Tuesday, December 11, 2007

Creationism? No....Pastafarianism!

In a recent op-ed piece in the NY Times, the Texas Education Industry became the next state to take a step towards the teaching of creationism (God created everything, scientists are wrong) in schools. Christine Corner, the state's top science education expert, was fired from her job after forwarding an email to her colleagues about a pro-evolution group having a forum on the matter. Now in difficult times like these, it is time that we see the light. The light being shown from his noodly appendage. No...I'm not talking about god, but I am speaking about the Flying Spaghetti Monster (FSM for short).

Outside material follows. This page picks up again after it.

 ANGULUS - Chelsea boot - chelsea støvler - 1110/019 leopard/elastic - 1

Many of you may be asking yourselves what the Flying Spaghetti Monster is. Well it's quite simple really, the FSM is the god for the up and coming religion of Pastafarianism. This FSM planted evidence for evolution all throughout the world just to simply test the faiths of his followers soon after he created the world. As for the other sciences, there is no such thing as gravity, but just his noodly appendages pushing down on all of us to keep us placed on his planet. Also, when you go to heaven, you will see that it strictly contains beer volcanoes and a stripper factory.

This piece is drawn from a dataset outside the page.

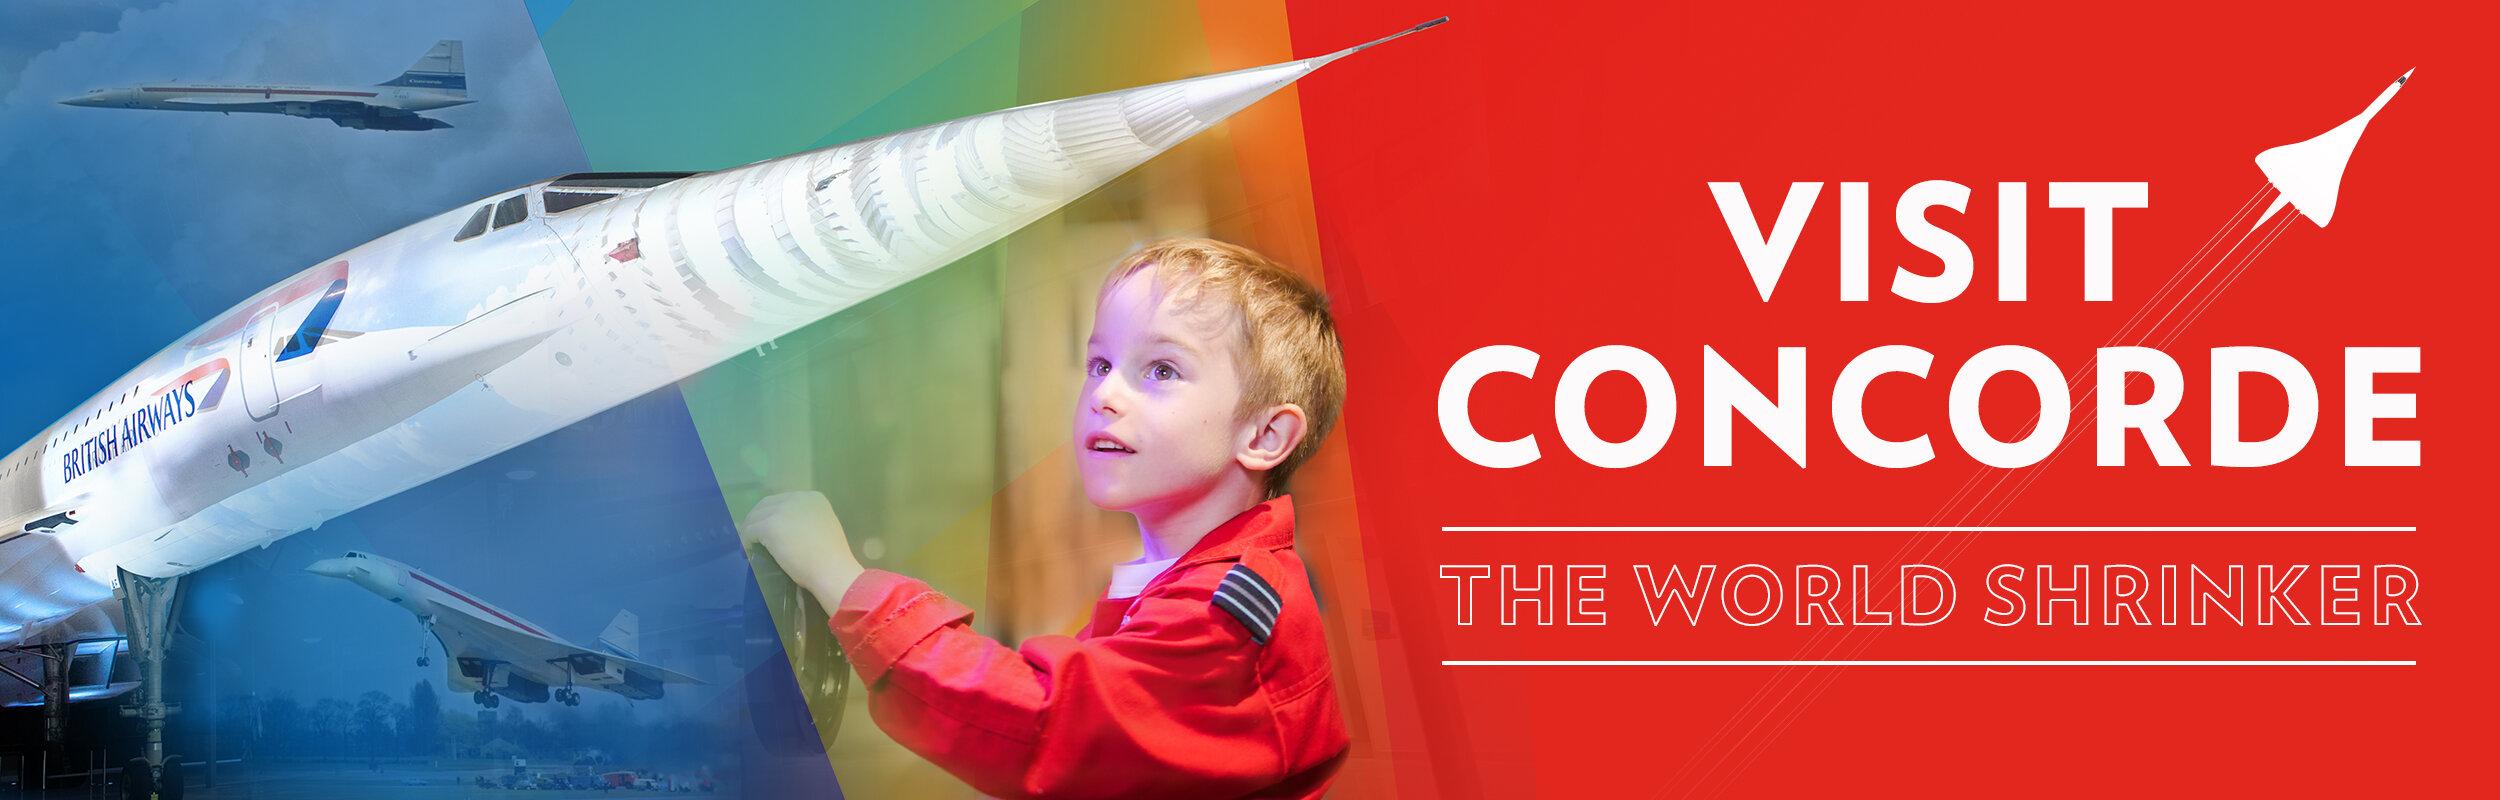 Concorde: The World Shrinker

Now in truth, the Flying Spaghetti Monster is not real, and to be completely blunt, neither is creationism. Both are made up, the only difference is that while creationism was made up as a response to evolution, Pastafarianism was made up as a response to the Kansas school board deciding to teach creationism in its science curriculum. The book's author, Bobby Henderson, wrote it as a satire to the absurdity of creationism saying to the school board in a Colbert-esque fashion, that I think we can all look forward to the time when these three theories are given equal time in our science classrooms across the country, and eventually the world; One third time for Intelligent Design, one third time for Flying Spaghetti Monsterism, and one third time for logical conjecture based on overwhelming observable evidence. Just because one is believe by more people in higher positions, does that really make it any more true?